Touching the Clouds ☁️

- 07.12.17 -

On this day, all 13 students of the Ecuador Global Seminar made their way to Pichincha Volcano to participate in one of the many tourist attractions: The Teleferico! This is a gondola-like style lift that allows its visitors to witness a magnificent view of the city. With a 13,000 ft. altitude overlooking Quito -- it's an experience that'll leave you feeling like you were on top of the world. Aside from the exhilarating ride up and spectacular view, there are several hiking trails that offer a visit to a chapel, pictures with adorable llamas, and many other panoramic views.

When we were up there, we were not left short of opportunities to further observe and analyze the social interactions between the people of Ecuador. There was one large group in particular that caught my attention: there were two women handling multiple children at a time, and the whole scene looked chaotic, but there was one comment that initially drew me to notice this family. One of the women suddenly yells to her toddler, "Ve con cuidado gordo." To the untrained ear, someone could easily assume this mother just insulted her child--but I easily took away two things from that: 1. The mother clearly trusted her son to be ahead along the trail up the mountain without showing signs of despair or anxiety for his safety which leads to my second point...2. The mother sent off her child with faith that he would also make good decisions for himself plus she also used a cute term of endearment, "gordo," Many Western families would never dare to let their children roam freely along the side of a volcano, but that was not the norm by which this family structure was functioning under--just like in Inge Bolin's book, Growing Up in a Culture of Respect : Child Rearing in Highland Peru (2008), the family dynamic was built around mutual respect and trust between adult to child. 
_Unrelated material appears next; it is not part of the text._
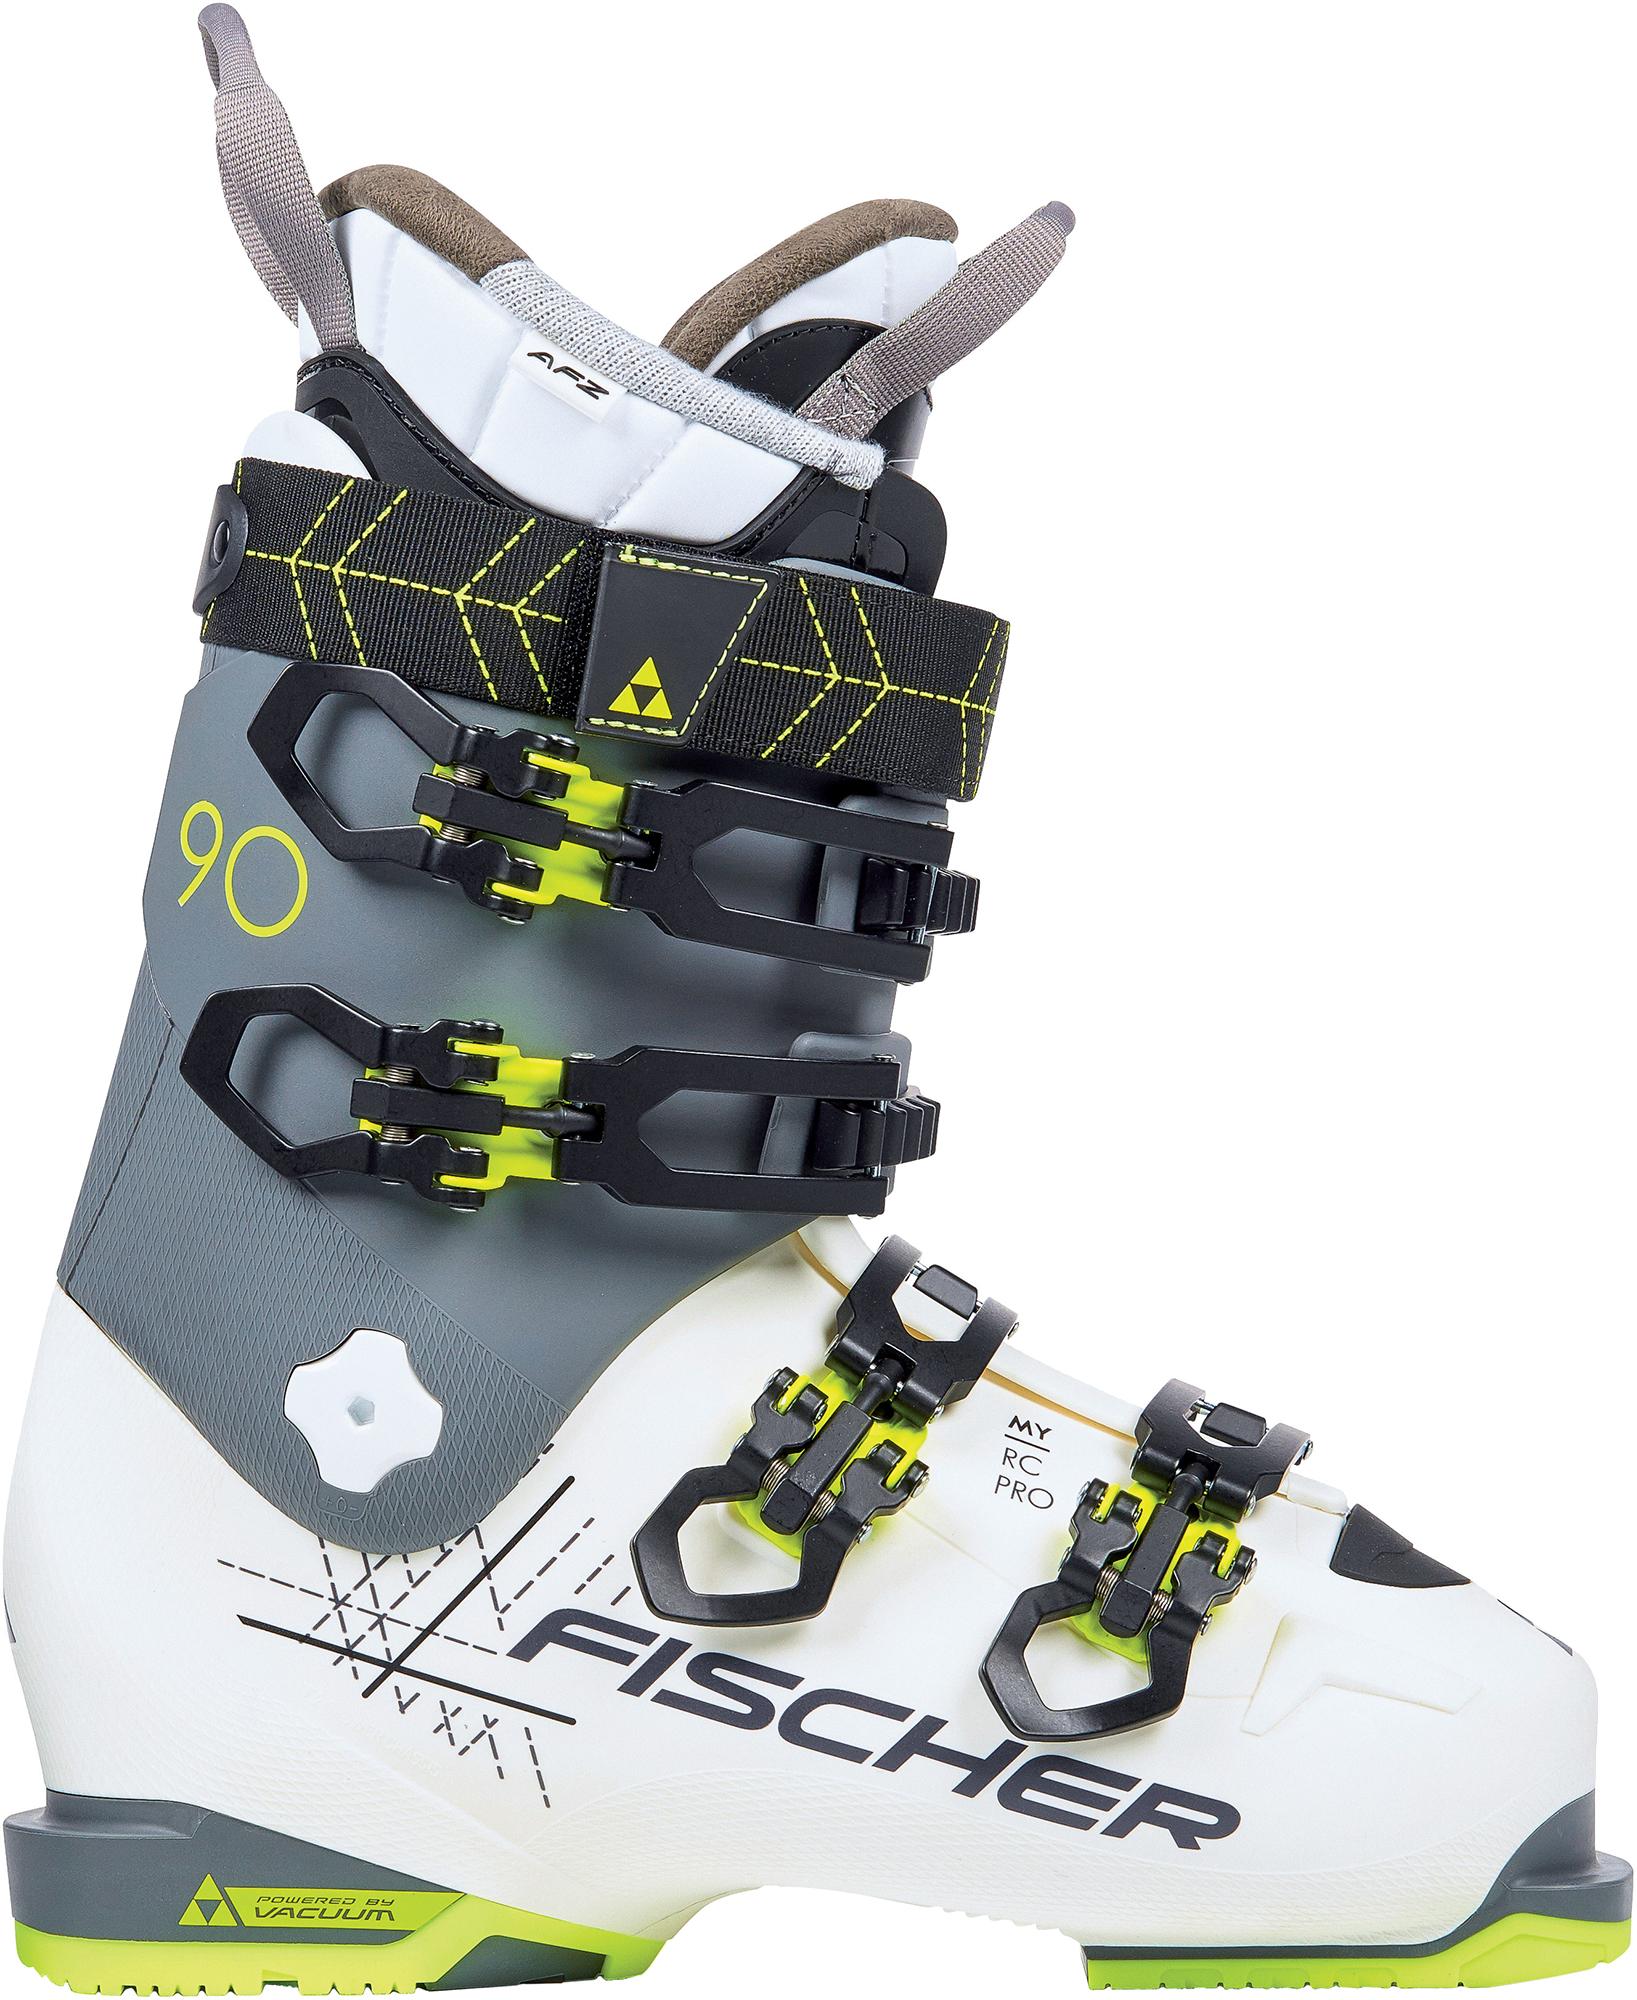 Fischer Ботинки горнолыжные женские My Rc Pro 90 Pbv, размер 41

Holistically, this is the city that we have come to learn about culture, cognition, education, language and all of it's intersectionalities. Therefore, when you can stand at one of the highest points in the city, you can really take a step back, look around, and reflect on the fact that the prominence of child rearing, cultural practices can be found anywhere, and that the things you read in books and articles are nothing less than the reality of this dynamic city. 


  1. Great observation of the mothers and children group! I first interpreted the phrase as a demanding order. It also reminds me of how teachers back in China would react to such situations-the practice is between Western and Ecuadorian.

  2. I love how you connected this experience with the book we are reading in class!

  3. I think it's so interesting to see the differences in childrearing when we travel. As the professor said, it really makes us check our own ways of thinking and question "is this morally wrong, or just not the way I have seen things done?"